Platelet can be prepared by random donor platelets, apheresis and by pooling of platelet units.[13] Random donor platelets were used in the present study. In the present study, platelet swirling was present in all the units at a temperature of 22°C in both the groups with and without platelet additive solution on day 7. In the present study platelet count was maintained on day 7 at 22°C in both the groups with and without platelet additive solution. We observed that MPV was minimally increased in random donor platelet on day 7 in plasma and platelet additive solution.

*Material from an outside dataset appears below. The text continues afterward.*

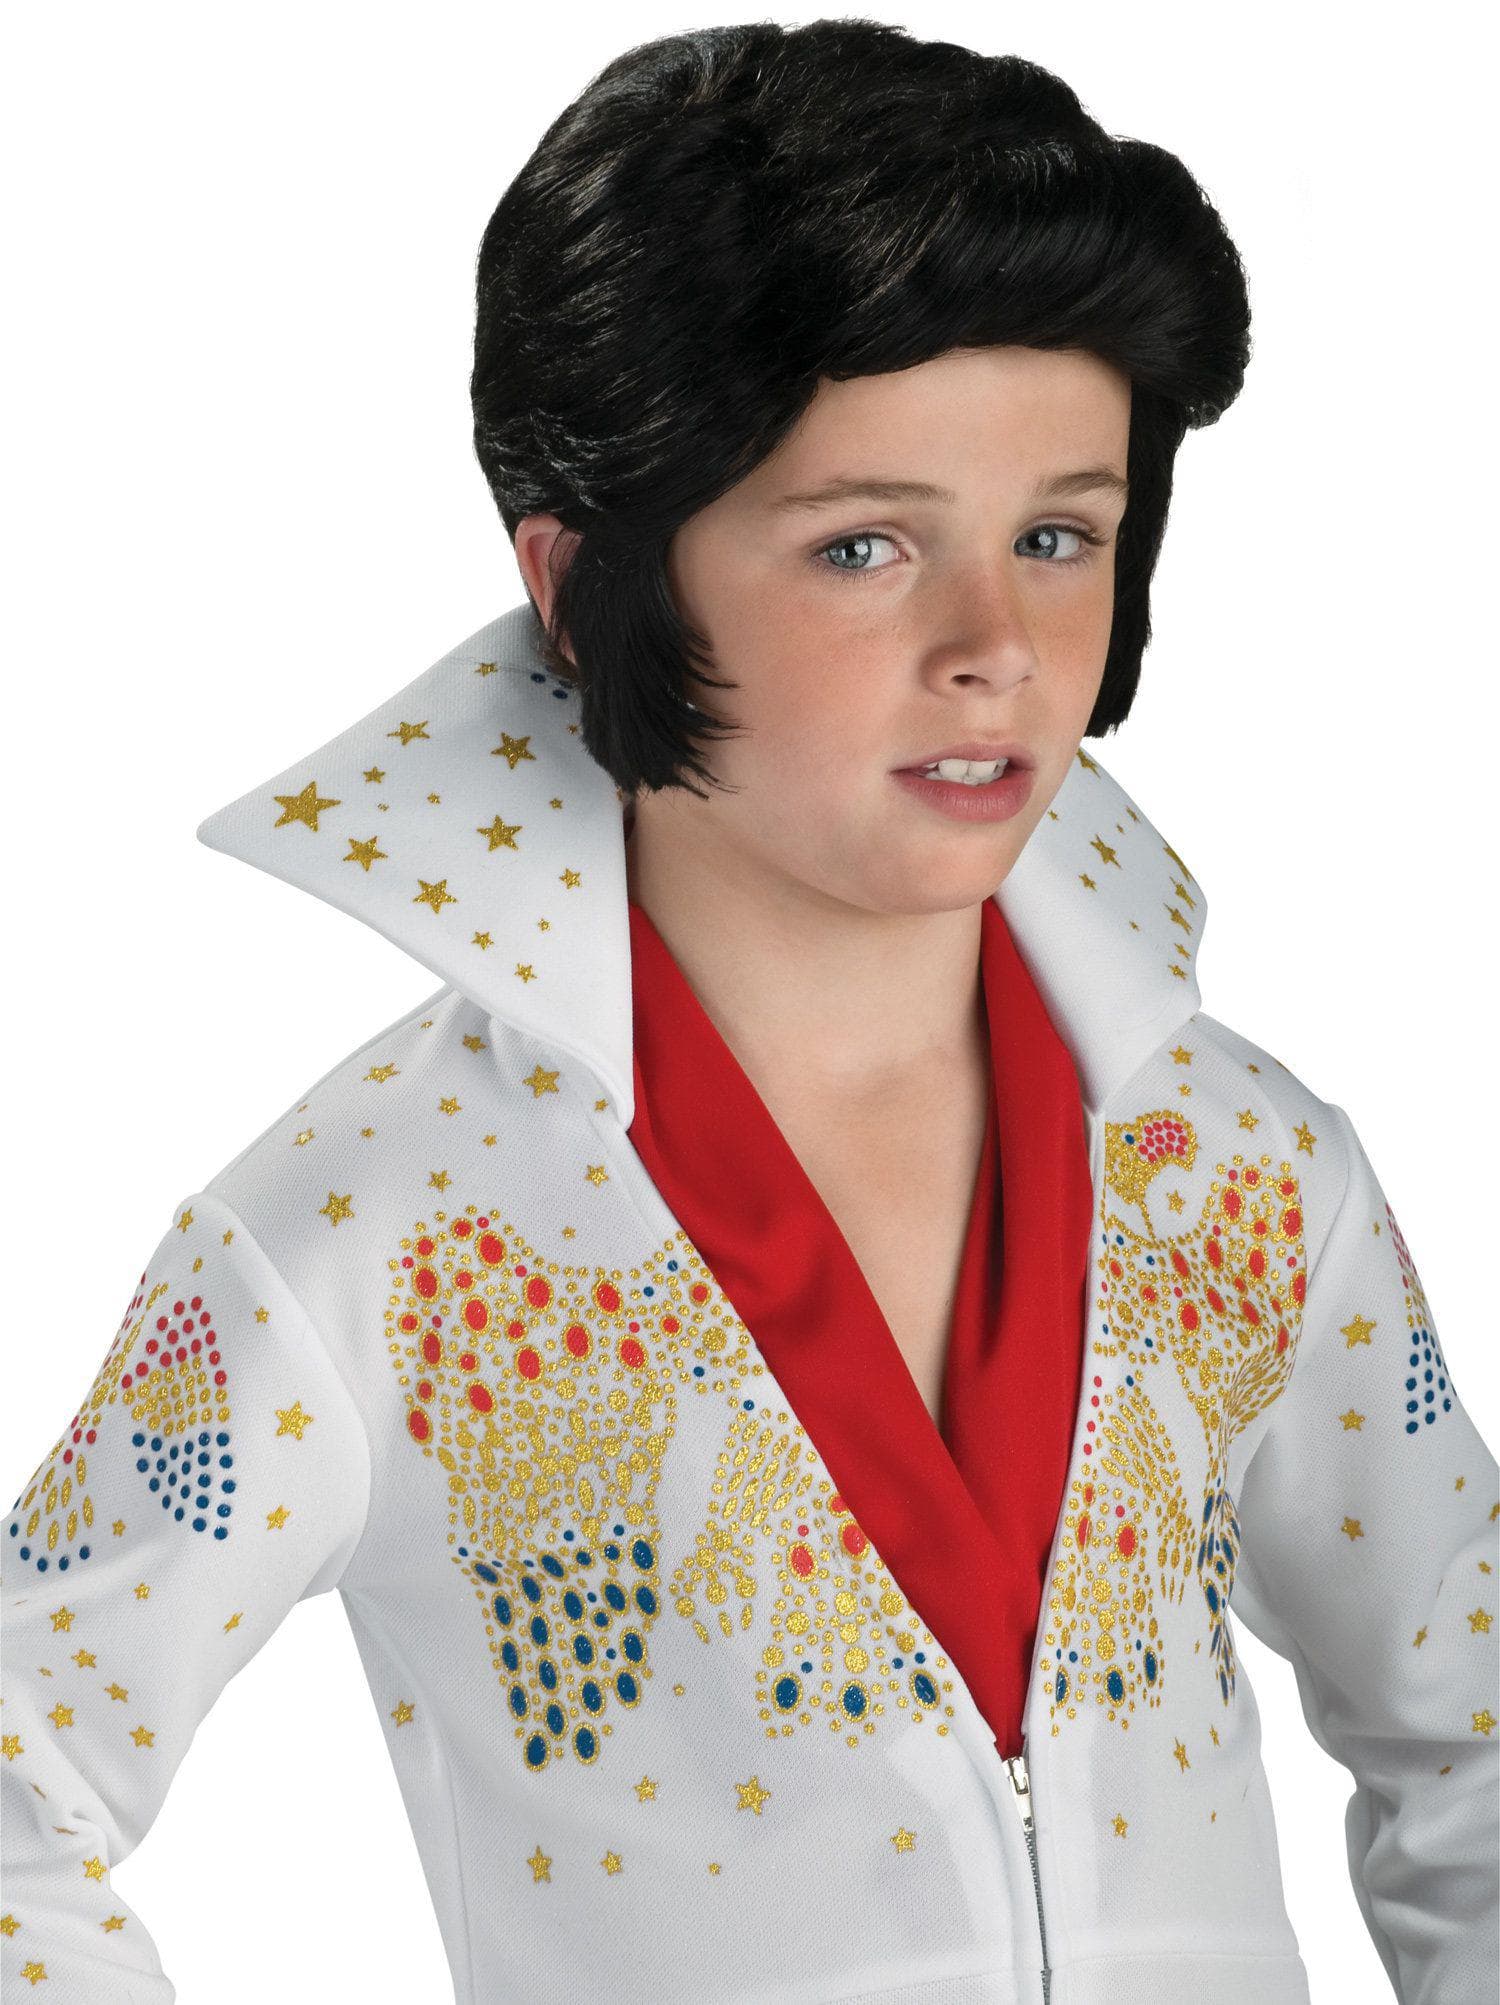 Boys' Black Elvis Wig - costumes.com

Platelet distribution width (PDW) is a mixture of volume heterogeneity that measures platelet anisocytosis. PDW is an indication of variation in platelet size which can be a sign of active platelet release. In the present study we observed that PDW increased in random donor platelet on day 7 in both the groups with and without platelet additive solution. Lin et al. [23] investigated the effect of a platelet transfusion on such platelet parameters as the mean platelet volume (MPV), platelet distribution width (PDW), mean platelet component (MPC) and platelet component distribution width (PCDW) in transfused patients. There were no significant difference in any of the platelet parameters between the SDP (n=21) and the pooled PC (n=8). The MPC and PCDW of the SDP and the PC were significantly lower than those of the samples from the patients before transfusion. However, the PCDW of the samples from the patients after transfusion was significantly lower than that before transfusion.

In the present study it was observed that the LDH level slightly increased on day 7 in random donor platelets with and without platelet additive solution and observed that the level of LDH was maintained on day 7 at 22°C. Among metabolic parameters pH showed a significant fall over seven days of storage. Fall in pH may affect the quality of final platelet product. The American Association of Blood Banks (AABB) [24] recommended that platelets with pH < 6.2 should not be used for transfusion, and in Europe the same recommendation applies to platelets with pH > 7.4. [25] As per the Drug and Cosmetics Act of India, [26] minimum pH should not be <6.0 at any given day of storage. If pH falls below 6.0 or rises above 7.4, a disc to sphere transformation of the platelets takes place, resulting in marked loss of recovery in vivo upon transfusion. [27] In the present study we observed that pH value decreased slightly but was within acceptable range on day 7 at 22°C in both the groups with and without platelet additive solution of the storage period.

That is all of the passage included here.